Join is used to horizontally combine data from different sources based on one-to-many/many-to-many relationship, e.g. combining links on a search/index page with fulltext contents:

// this search for movies named "Gladiator" on dbpedia Lookup API (http://wiki.dbpedia.org/projects/dbpedia-lookup) and link to their entity pages to extract their respective abstracts
spooky.create("Gladiator" :: Nil).fetch(
    Wget("http://lookup.dbpedia.org/api/search/KeywordSearch?QueryClass=film&QueryString='{_}")
).join(S"Result")(
    Wget(A"URI".text),2
)(
    A"Label".text ~ 'label,
    S"span[property=dbo:abstract]".text ~ 'abstract
).toDF().collect().foreach(println)

Join is a shorthand for flatten/explode + fetch, in which case the data/elements being flatten is similar to a foreign key in relational database.

join parameters

(See flatten/explode parameters and fetch parameters)

explore

.explore(expression [~ alias], [parameters]
)(Action(s), [fetch-parameters])(
    select-expression [~ 'alias]
    ...
)

Explore defines a parallel graph exploring pattern that can be best described as recursive join with deduplication: In each iteration, each row is joined with one or more documents, they are compared and merged with existing documents that has been traversed before, the iteration stops when maximum exploration depth has been reached, or no more new documents are found. Finally, all documents and their rows are concatenated vertically. Explore is used for conventional web crawling or to uncover “deep” connections in a graph of web resources, e.g. pagination, multi-tier taxonomy/disambiguation pages, “friend-of-a-friend” (FOAF) reference in a social/semantic network:

// this retrieve all documents that are related to (rel) or reverse-related to (rev) dbpedia page of Bob Marley
spooky.fetch(
    Wget("http://dbpedia.org/page/Bob_Marley")
).explore(
    S"a[rel^=dbo],a[rev^=dbo]",
    maxDepth = 2
)(Wget('A.href)
)('A.text ~ 'name).toDF().collect().foreach(println)

explore parameters

Name	Default	Means
joinType

others

Actions

Each action defines a web client command, such as content download, loading a page in browser, or clicking a button.

Action can be chained to define a series of command in a client session, e.g:

// in a browser session, search "Deep Learning" on Google's landing page
spooky.fetch(
    Visit("http://www.google.com/")
      +> TextInput("input[name=\"q\"]","Deep Learning")
      +> Submit("input[name=\"btnG\"]")
      +> Snapshot()
).flatMap(S.text).collect().foreach(println)

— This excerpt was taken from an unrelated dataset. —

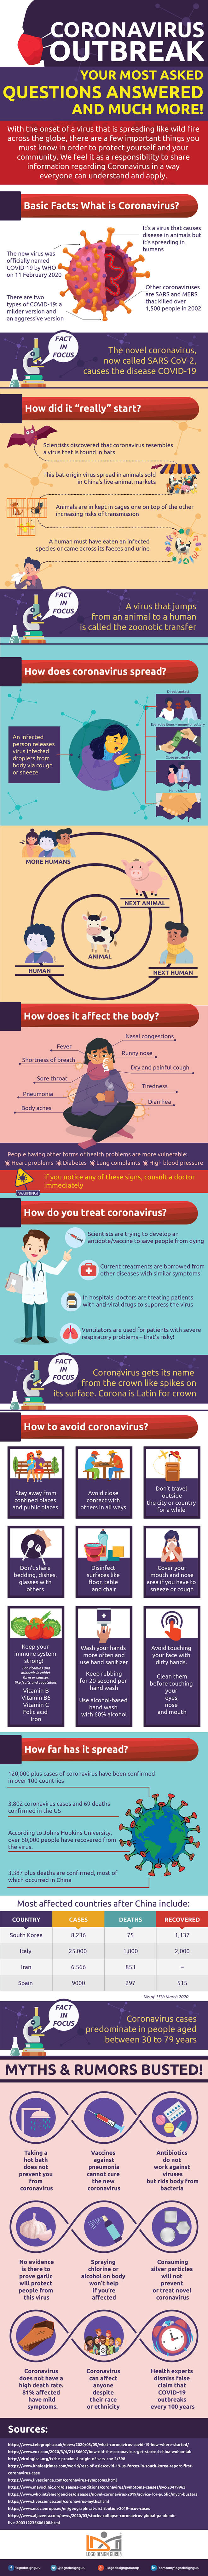 Coronavirus Outbreak: Your Most Asked Questions Answered

In addition to the “chaining” operator +>, the following 2 can be used for branching:

Action(s) || Action(s) : Combine multiple actions and/or chains in parallel, each executed in its own session and in parallel. This multiplies the cardinality of output with a fixed factor, e.g.

// load french and german translation of a sentence in 2 rows.
spooky.create("I'm feeling lucky"
).fetch(
    Wget("http://api.mymemory.translated.net/get?q='{_}&langpair=en|fr") ||
    Wget("http://api.mymemory.translated.net/get?q='{_}&langpair=en|de")
).select((S \ "responseData" \ "translatedText" text) ~ 'translated).toDF().collect().foreach(println)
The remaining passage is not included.